Fiber is not bad for you- it 'hides' the sugar in your system to not spike your insulin and 'scrubs' the pipes.
Protein is good for rebuilding tissue after your workout
Salt is necessary - I don't watch that like I used to because the more I work out and run the better my blood pressure has gotten (cardio fixes high blood pressure) Went from stage 2 Hypertension to well into the normal range on my blood pressure and I still go over on sodium almost every day.
If you need more calories, as I frequently do after my long run days - Nuts are a really good source. They are high in fats *but it is the 'good' kind* and high in calories and fiber. No carbs, sugar or sodium! A handful of almonds will get you another 200 calories without the extra junk!0 -
I just dont understand how I am supposed to eat 1500 - 1600 calories a day without eating something calorie dense... I always go under 1000 if I dont.. Its so frustrating...
I don't get it? What is wrong with eating something calorie dense?
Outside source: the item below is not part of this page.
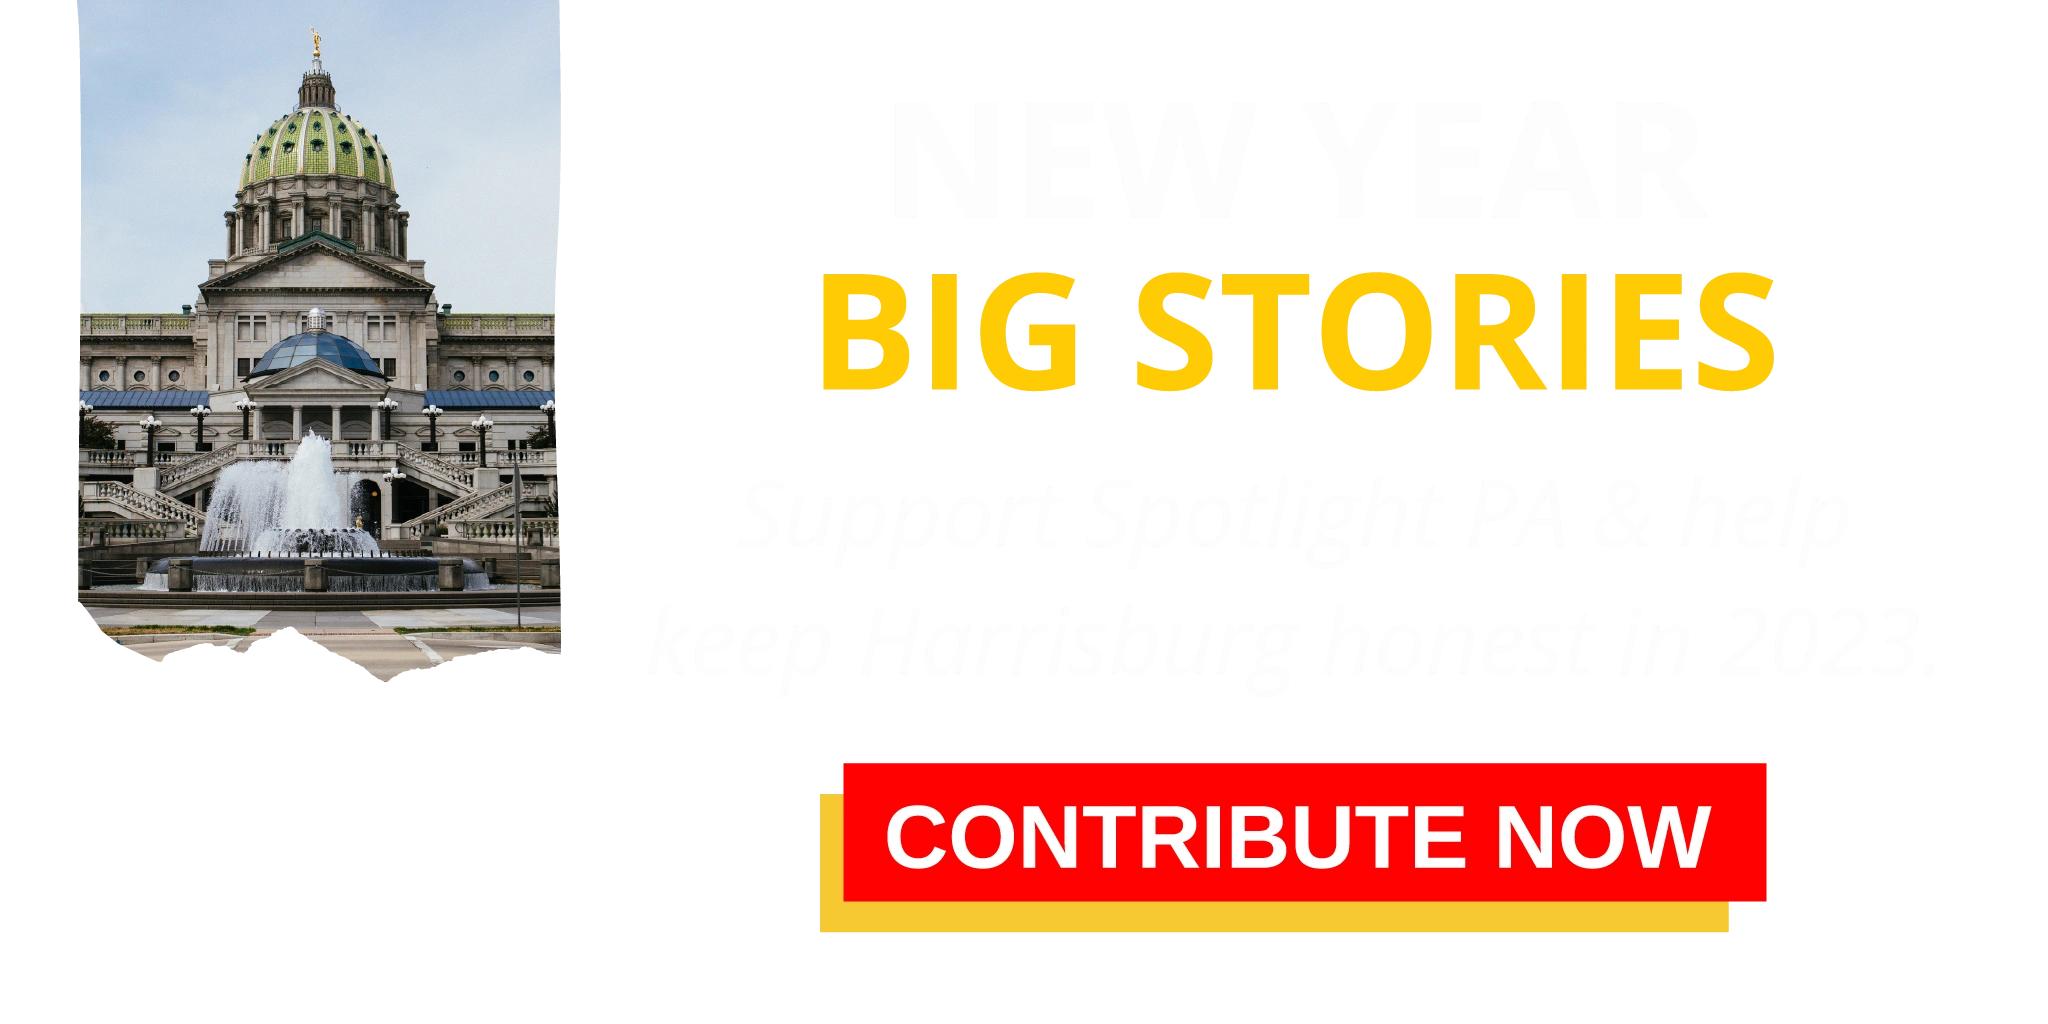 This new year, pledge to support vital investigative journalism that strengthens our democracy.
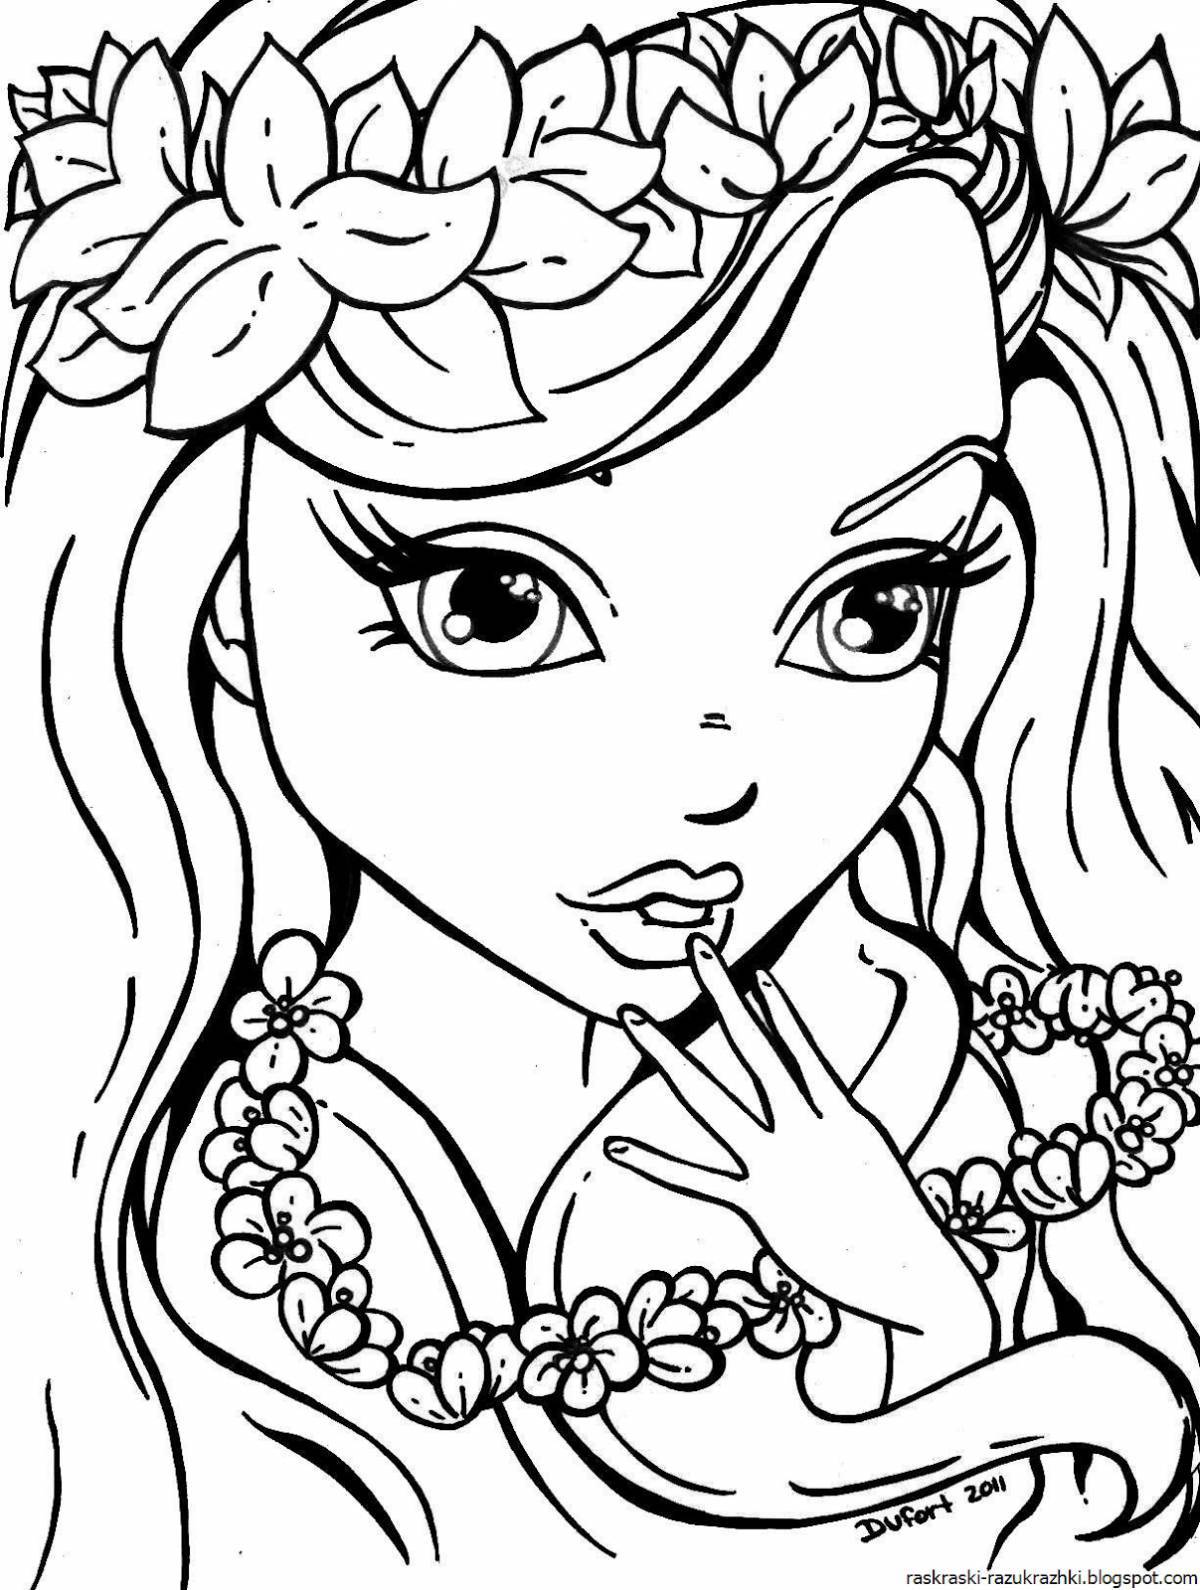 Color riot coloring page for girls

If you input all your data correctly and MFP allocates you 1500 cals and you eat all those cals, you will lose weight at more or less your predicted rate.
Macros are important for health but for pure weight loss calories are most important.
It is possible to hit cals and macros but as Meerkat70 points out, that often means dropping processed food and cooking most meals from scratch.
Best wishes.0 -
I just dont understand how I am supposed to eat 1500 - 1600 calories a day without eating something calorie dense... I always go under 1000 if I dont.. Its so frustrating...
I don't get it? What is wrong with eating something calorie dense? If you input all your data correctly and MFP allocates you 1500 cals and you eat all those cals, you will lose weight at more or less your predicted rate.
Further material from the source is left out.